Archimedean Solids By: Nicole Strauss, Carrissa Texley, and Marlene Stockton

What are Archimedean Solids? Archimedean solids belong to the semiregular polyhedra family. There are 13 Archimedean solids. They are like platonic solids but differ in the sense that they have two or more regular polygon faces. 7 of the 13 Archimedean solids are derived from platonic solids.

History Archimedean solids are named after the Greek mathematician, Archimedes who discovered and discussed them in a book that was lost. The solids were “rediscovered” during the Renaissance period by Johannes Kepler.
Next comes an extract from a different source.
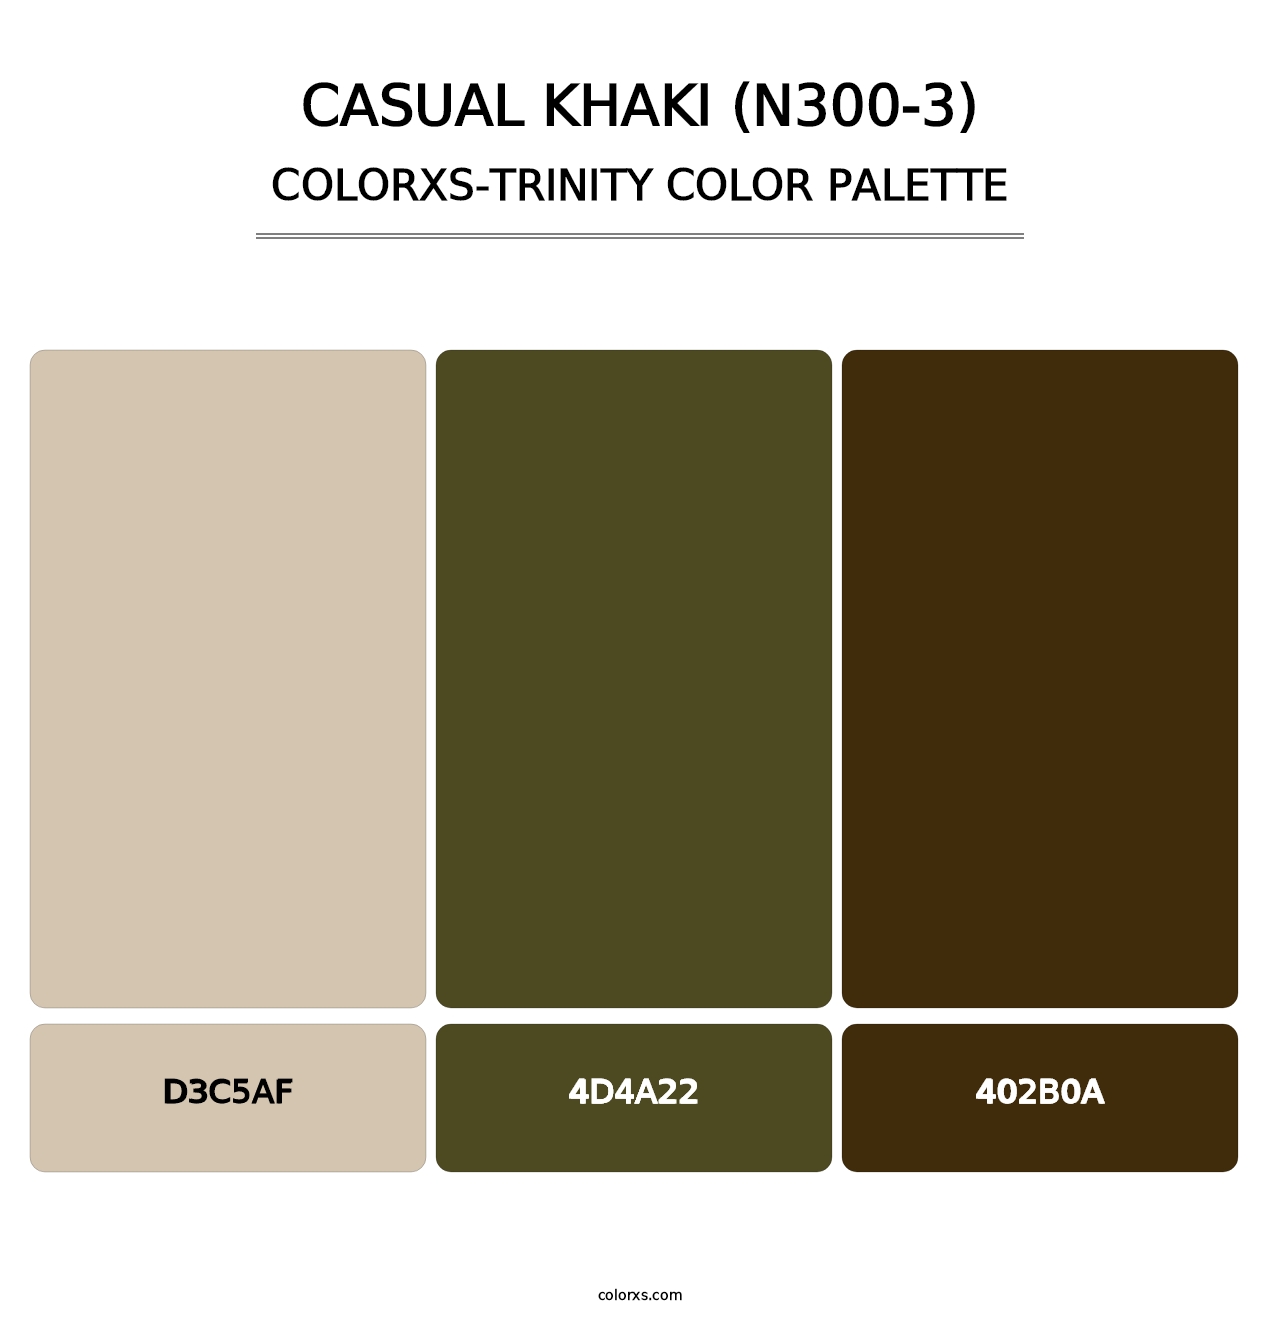 Casual Khaki (N300-3) - Colorxs Trinity Palette
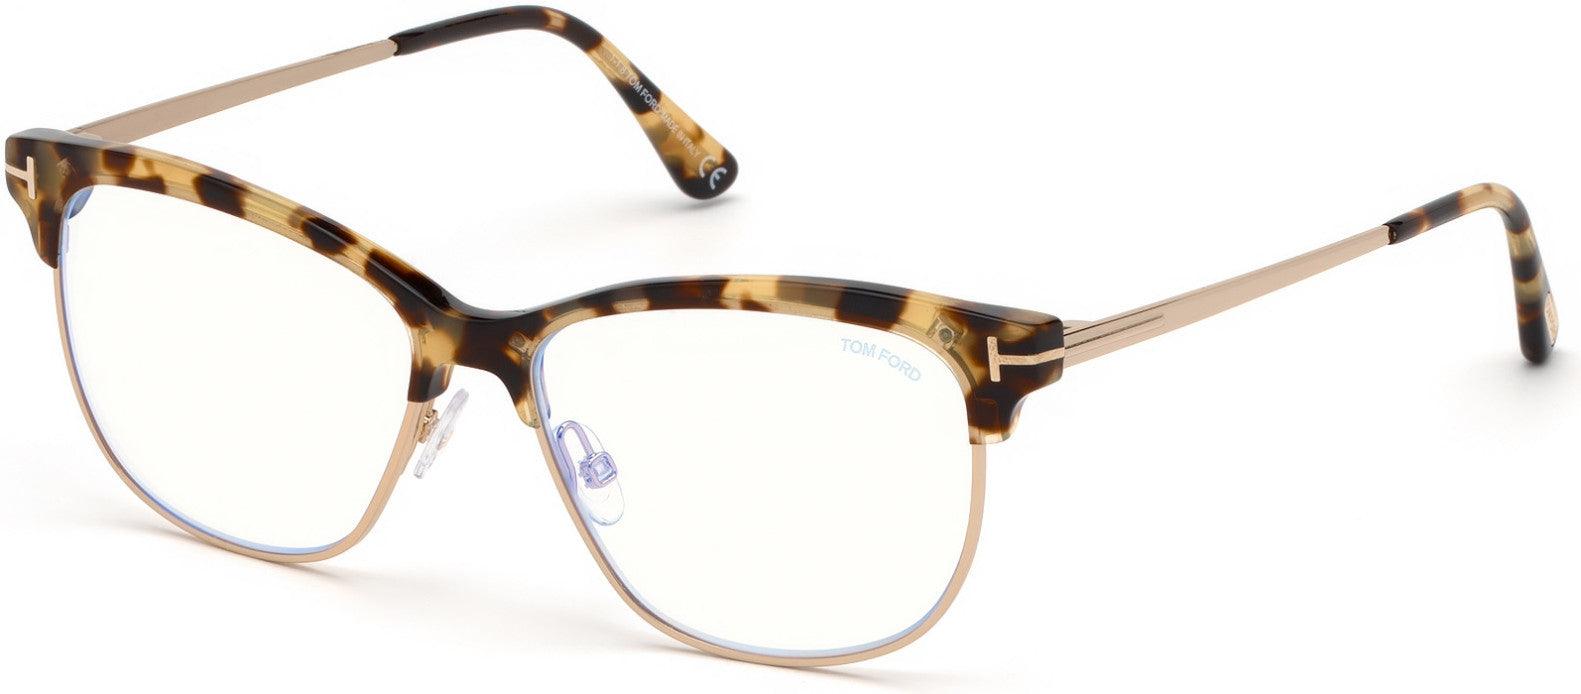 Tom Ford FT5546-B Geometric Eyeglasses 056-056 - Shiny Tortoise, Shiny Rose Gold / Blue Block Lenses

Truncation According to Dictionary.com truncation means “to shorten by cutting off a part; cut short” By truncating certain platonic solids you create 7 Archimedean solids (which is what we will be doing today). Different Archimedean solids can be made but truncating the same platonic solid at different depths.

Euler’s Formula Do you think Euler’s Formula holds true for Archimedean solids?

Unearthing Archimedes' Lost Solids 5th Grade (but can be adapted for middle school as well). The topic of our activity is finding Archimedean solids. The purpose is to prove that seven of the Archimedean solids come from truncating Platonic solids and show the relationship between these two classes of polyhedra.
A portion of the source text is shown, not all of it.